Search code examples
javaignitegridgain

IgniteDataStreamer with allowOverwrite is slower than putAll?


I've wrote some benchmarks on data upload. I expect IgniteDataStreamer be faster (or equal) than putAll(...) and it is, but except that case:

  • number of server nodes: 5
  • cache backups: 1
  • write synchronization mode: FULL_SYNC
  • data streamer allow overwrite: true
  • default rest of data streamer's settings

Results are:

putAll(...) speed: 126630 per sec

data streamer speed: 30430 per sec

In case of not allowed overwrites OR 0 backups+PRIMARY_SYNC data streamer is faster than put all (about 2 times) as expected.

So it turns, Ignite's performance hint to use data streamer breaks? What is possible reasons and how to avoid data streamer's slowdown?

Benchmark code snippet:

for (int i = 0; i < size; i++) {
    pojoMap.put(String.valueOf(i), pojo);
}    
cache.putAll(pojoMap);

vs

igniteDataStreamer.allowOverwrite(false);
for (int i = 0; i < size; i++) {
    igniteDataStreamer.addData(String.valueOf(i), pojo);
}
igniteDataStreamer.flush();

Gridgain CE 8.7.6


Solution

  • It can be easily explained.
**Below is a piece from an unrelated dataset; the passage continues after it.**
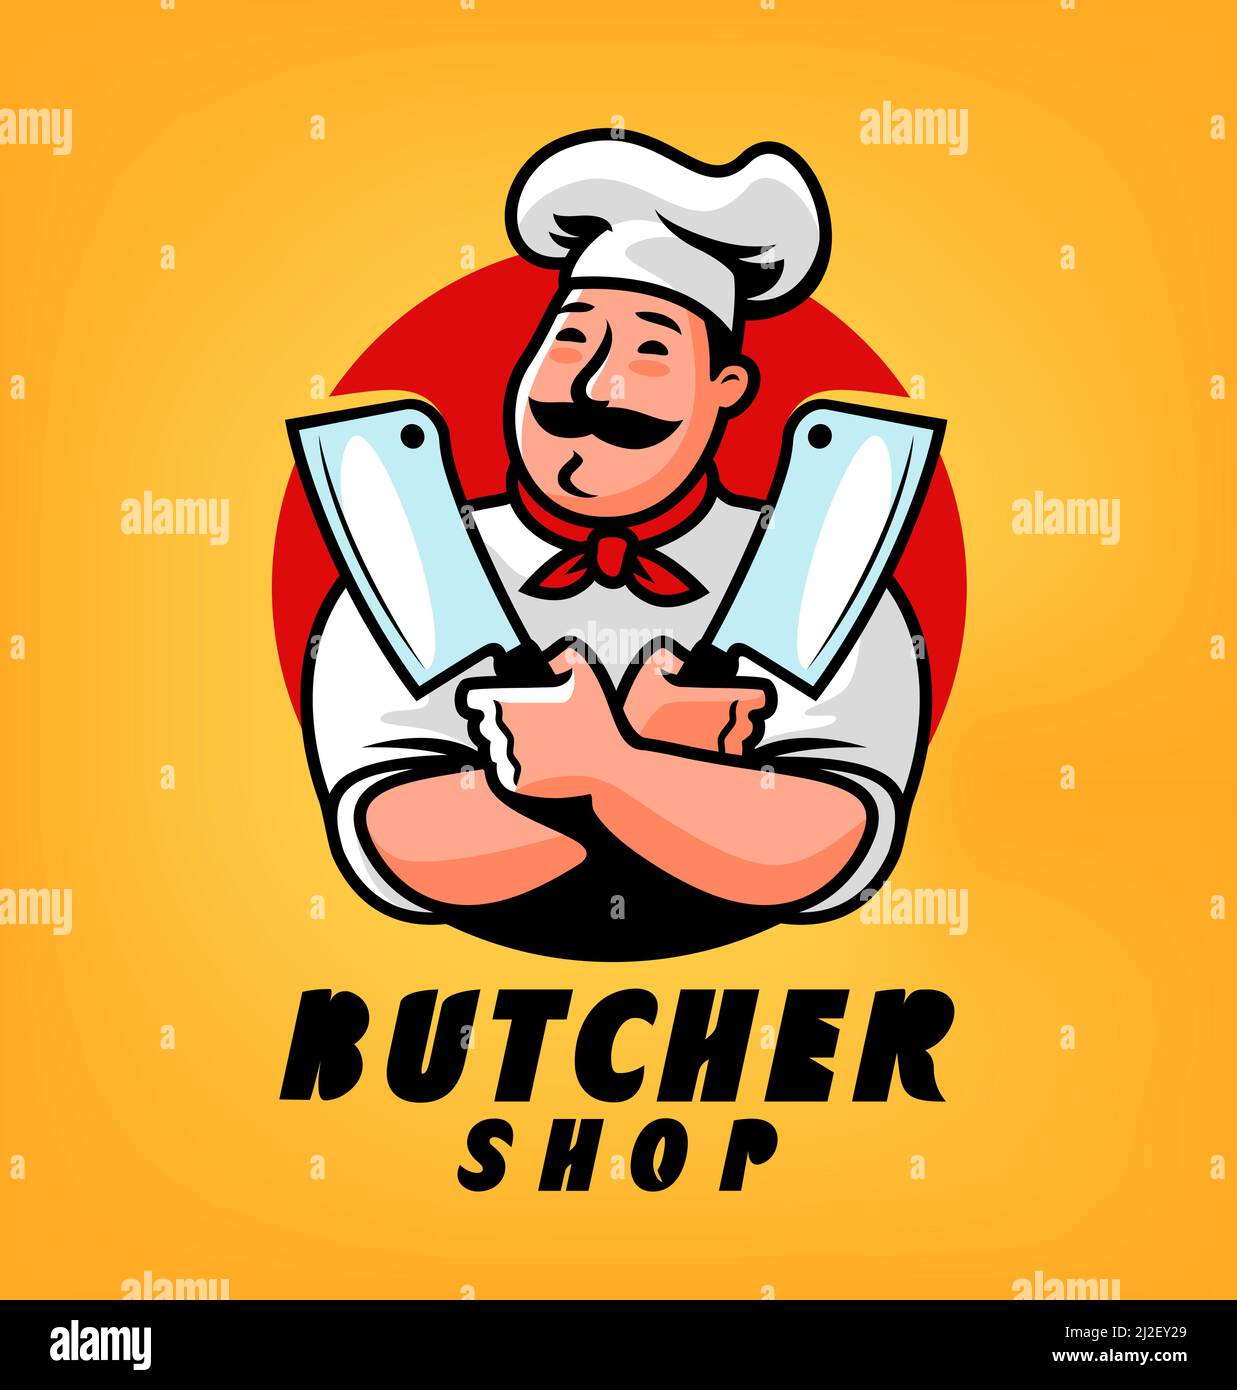 Butcher shop logo. Emblem chef with meat knife for farmers market. Cartoon character vector illustration Stock Vector
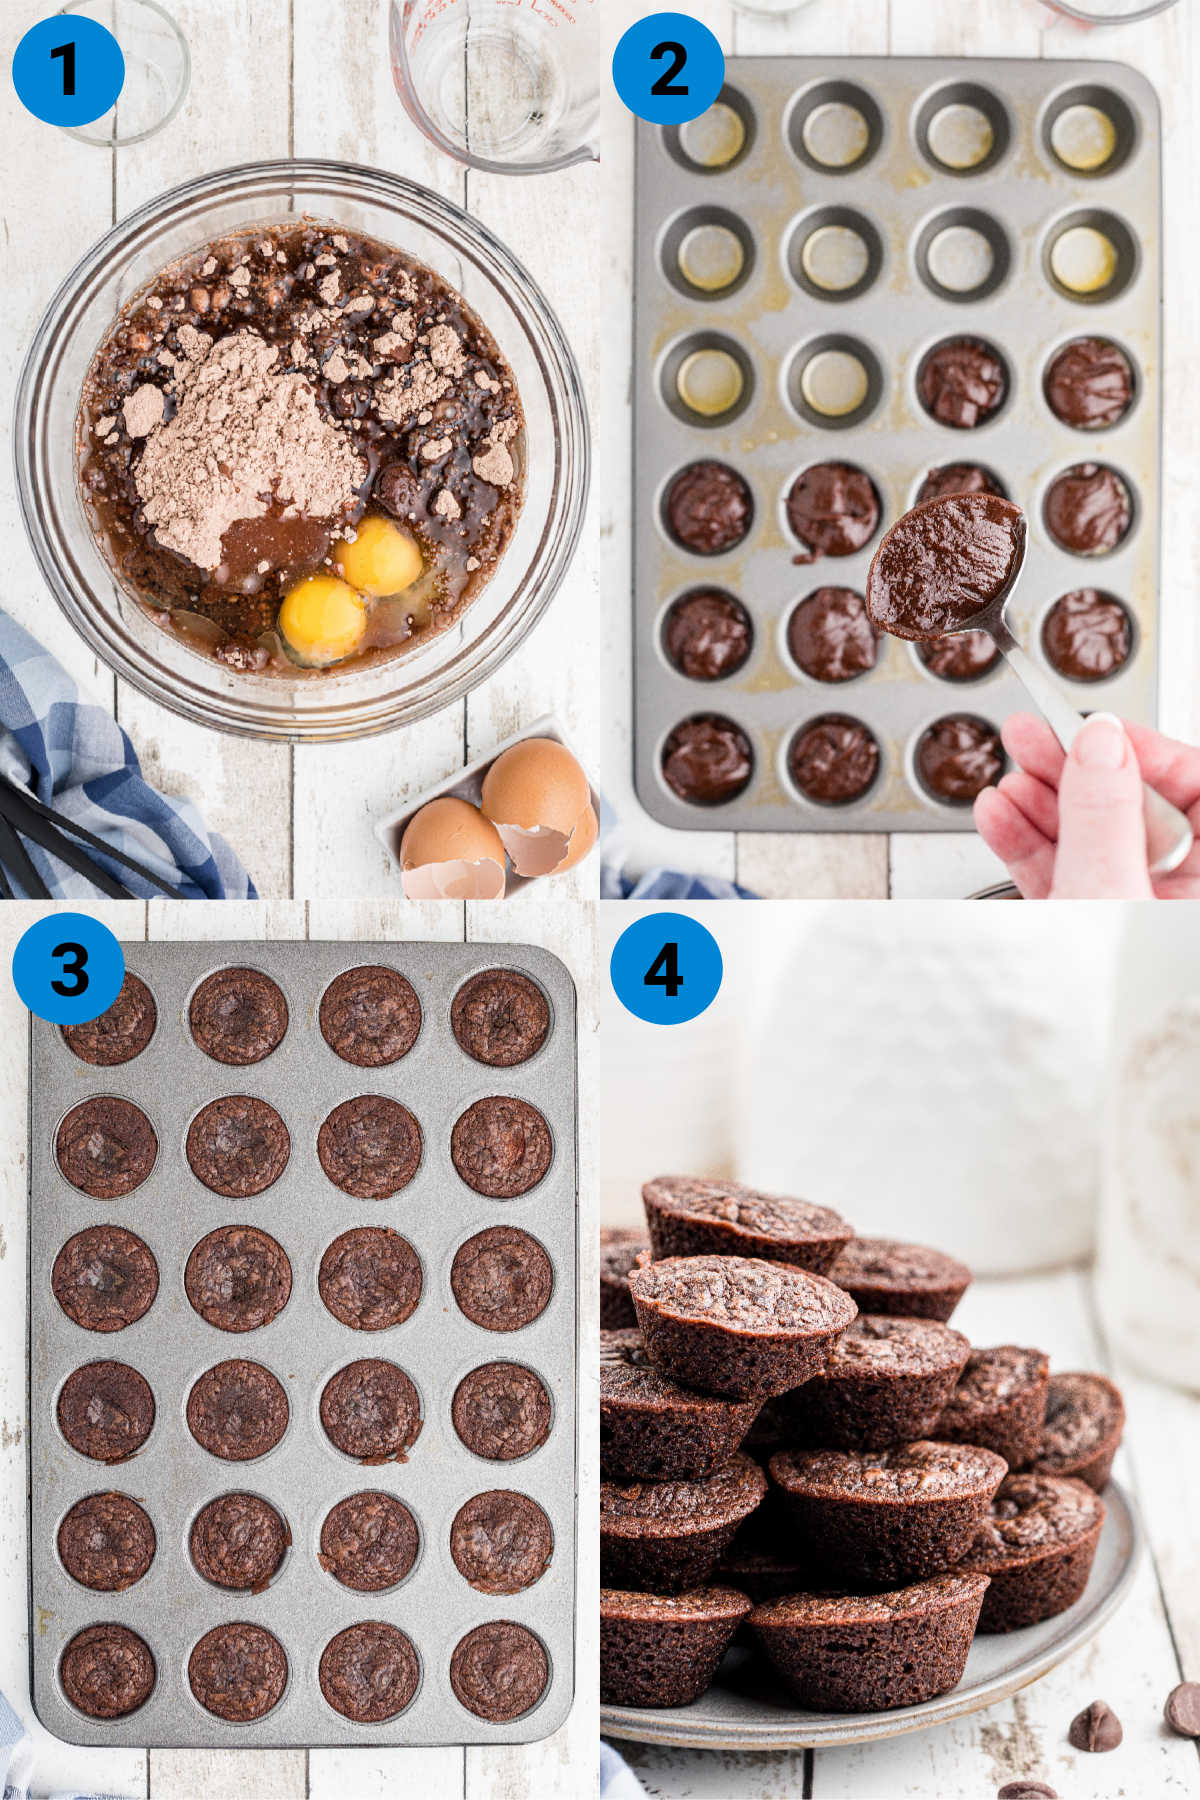 4 images showing how to make brownie bites

If allowOverwrite is true, then the data streamer will be sending data via individual cache.put methods. This approach is much slower than standard cache.putAll. Not sure why the data streamer can't use putAll in this scenario at least for atomic caches (individual cache.puts makes sense for transactional cache to avoid deadlocks). I will check possible optimizations with the community.

    As for allowOverwrite equal to false, the streamer reaches out all the nodes that store primary and backup copies directly and does updates in places. For your cluster, it should result in just 5 network requests (from the app to each node) if all the data fits in 5 batches.

    Overall, use allowOverwrite=false for the initial data loading. As for allowOverwrite=true, the community will see if there is any room for an internal optimization at least for atomic caches.